A. UN RENFORCEMENT DU PREMIER DEGRÉ QUI DOIT ÊTRE POURSUIVI À LA FAVEUR DES ÉVOLUTIONS DÉMOGRAPHIQUES EN COURS

1. Une politique de recrutement qui doit s'adapter aux évolutions déjà en cours

Une baisse drastique des effectifs d'élèves découle des évolutions démographiques en cours , dont les effets ont déjà atteint l'enseignement primaire et qui devrait s'étendre au second degré dans les prochaines années. À défaut d'un rebond démographique, il importe d'avoir une vision de long terme de la gestion des enseignants . La diminution du nombre d'élèves devrait permettre de diminuer le taux d'encadrement pour améliorer la qualité de l'enseignement et, à terme, la productivité du système scolaire français.

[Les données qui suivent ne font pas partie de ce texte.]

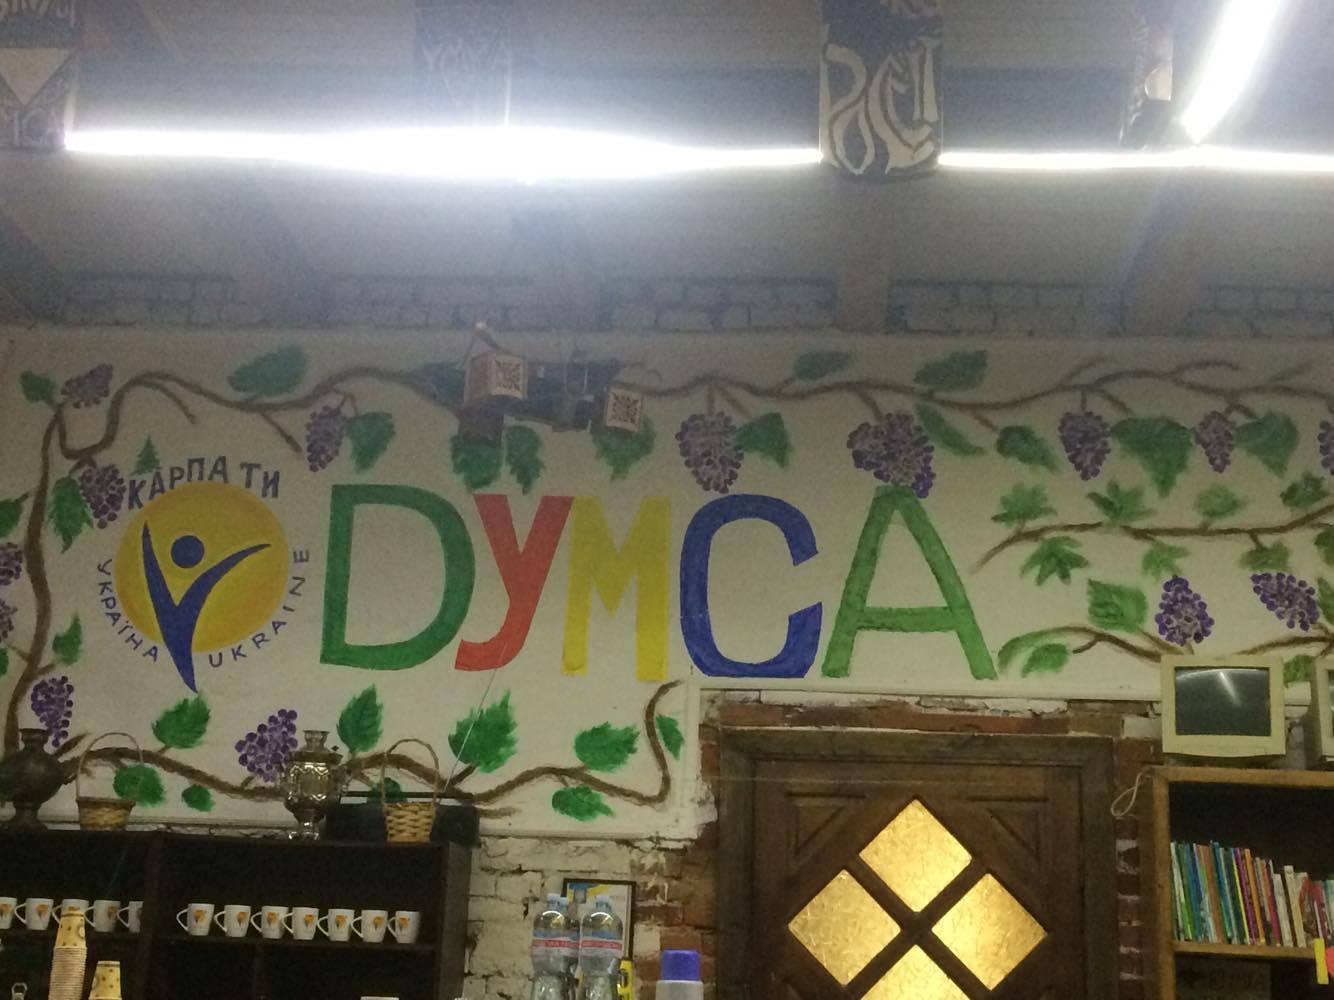 YMCA Ukrainas årsmöte- heta diskussioner och varma människor
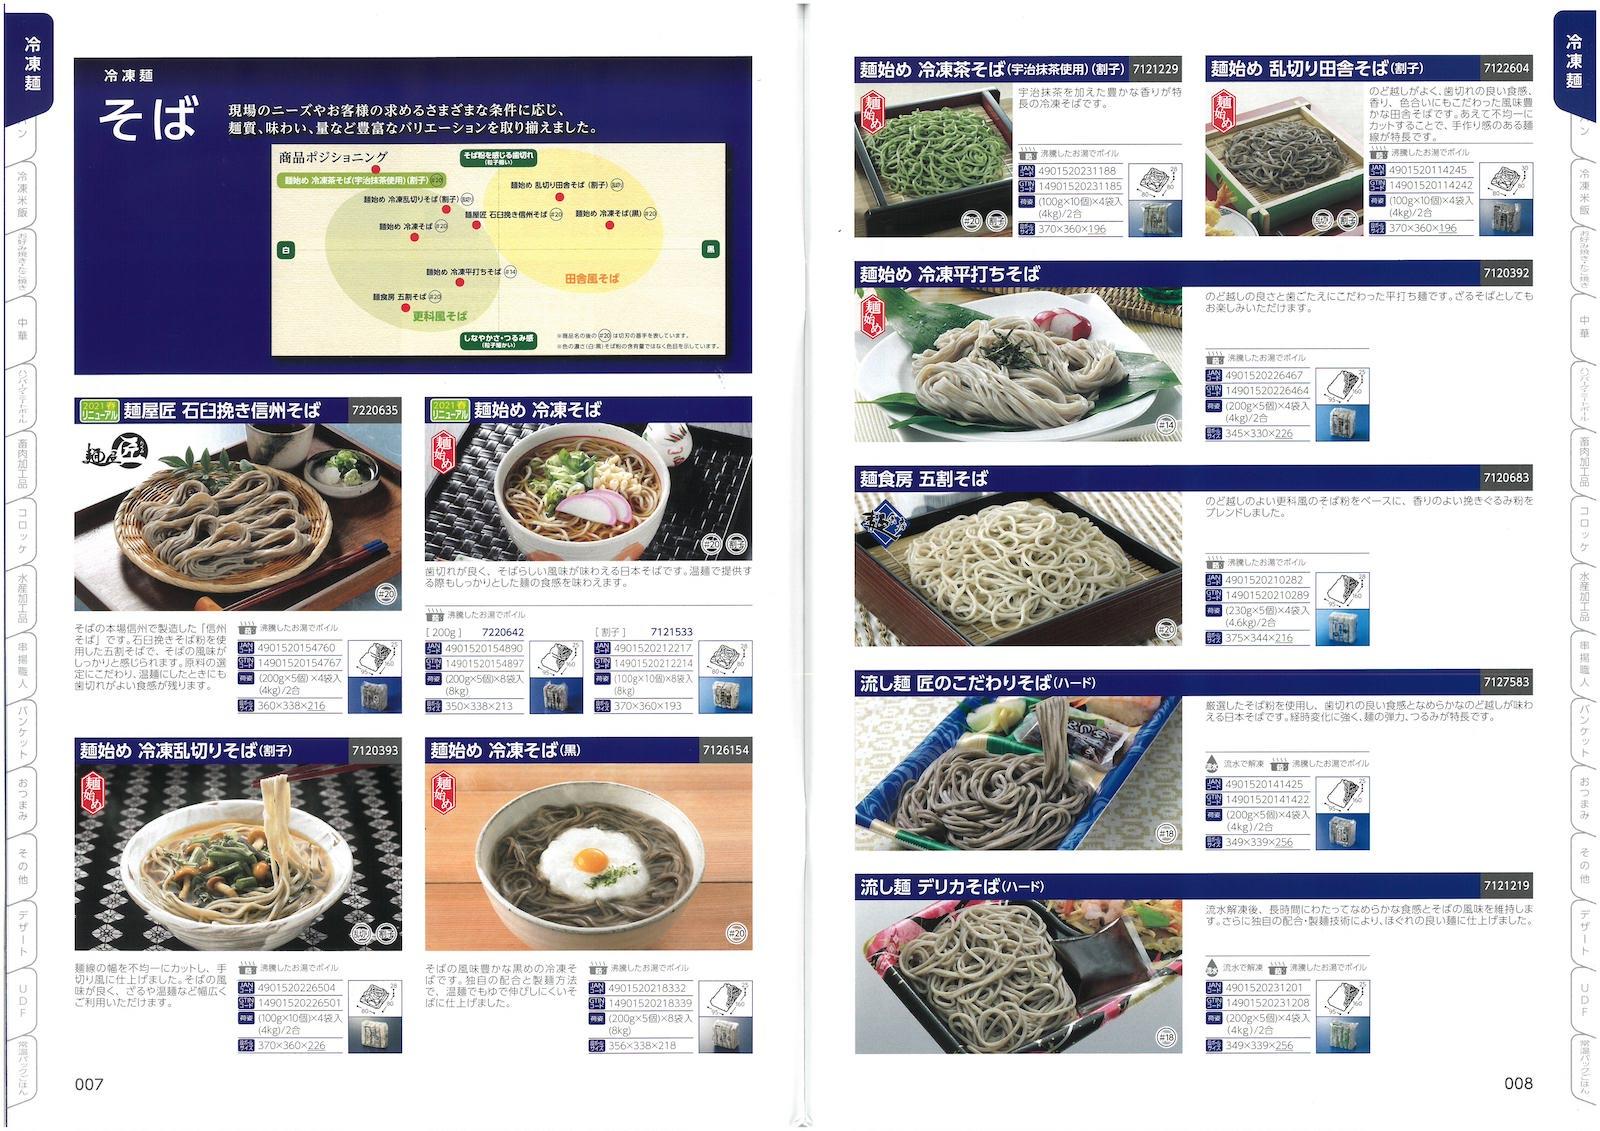 テーブルマーク2021 業務用総合カタログ

a) Une chute du nombre d'élèves qui devrait atteindre le second degré en 2023

Le rapporteur spécial considère qu'il est désormais impératif de tenir compte des évolutions démographiques à venir dans la définition de la politique d'emploi de la mission.

On constate sur la décennie précédente une chute brutale du nombre de naissances, le pic ayant été atteint en 2010 avec 832 000 enfants, qui vont désormais rentrer en sixième. Le nombre de naissances est passé sous le seuil des 800 000 en 2015 et décroît ensuite (743 000 naissances en 2019). La diminution du nombre de naissances devrait se poursuivre jusqu'à atteindre 734 000 naissances en 2022 .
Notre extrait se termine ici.